DJIBOUTI - The crisis in Yemen is "getting worse by the hour," the United Nations said today, as tens of thousands of people try to escape the rapidly disintegrating nation just across the Gulf of Aden.
"The current conflict in Yemen takes place against the backdrop of a humanitarian crisis of a protracted nature and of a size and a complexity which is amongst the largest in the world," the United Nations Humanitarian Coordinator for Yemen, Johannes van der Klaauw, told reporters in Geneva, Switzerland.
It's the poorest country in the Arab world - and before the recent conflict, more than 60 percent of the population required humanitarian assistance, according to Oxfam, one of the largest NGOs working on the ground. More than 13 million people do not have access to clean water and nearly nine million people are unable to access basic medical care.
The strengthening Saudi Arabian-led air campaign against the Iranian-backed Houthis now in control is systematically destroying much of the country's infrastructure - "anything there was left" of basic services, including health care is all but gone, the UN says.
The International Red Cross and Doctors Without Borders have sent supplies and surgical teams into Aden, the epicenter of the recent violence, but it's a dangerous trip.
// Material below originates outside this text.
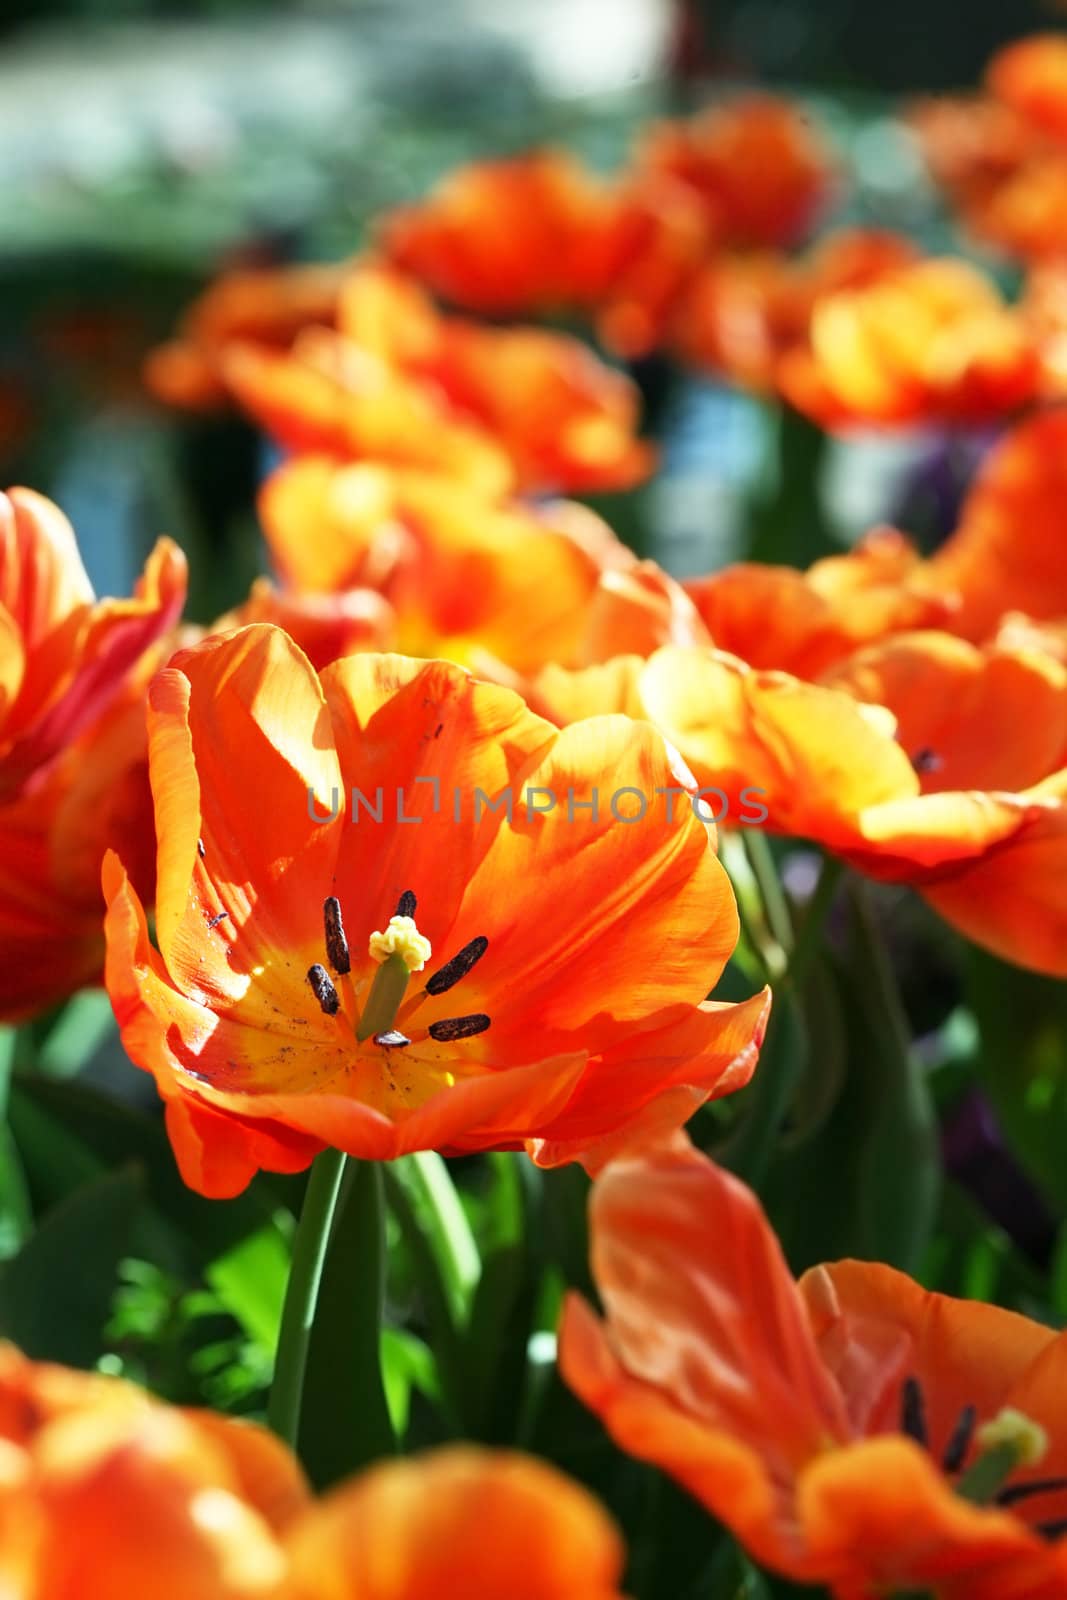 Orange tulips in summer sunshine by jarenwicklund

On Friday from Amman, Jordan, UNICEF sent its first airlift of urgent medical supplies that will "make the difference between life and death for children and their families," said UNICEF Yemen Representative Julien Harneis.
"But we know they are not enough, and we are planning more of these airlifts," Harneis added.
Over the last 10 days, 317 Yemeni refugees have arrived here in Djibouti, but the UN predicts some 30,000 refugees in the next six months will arrive here and some 100,000 elsewhere in Africa.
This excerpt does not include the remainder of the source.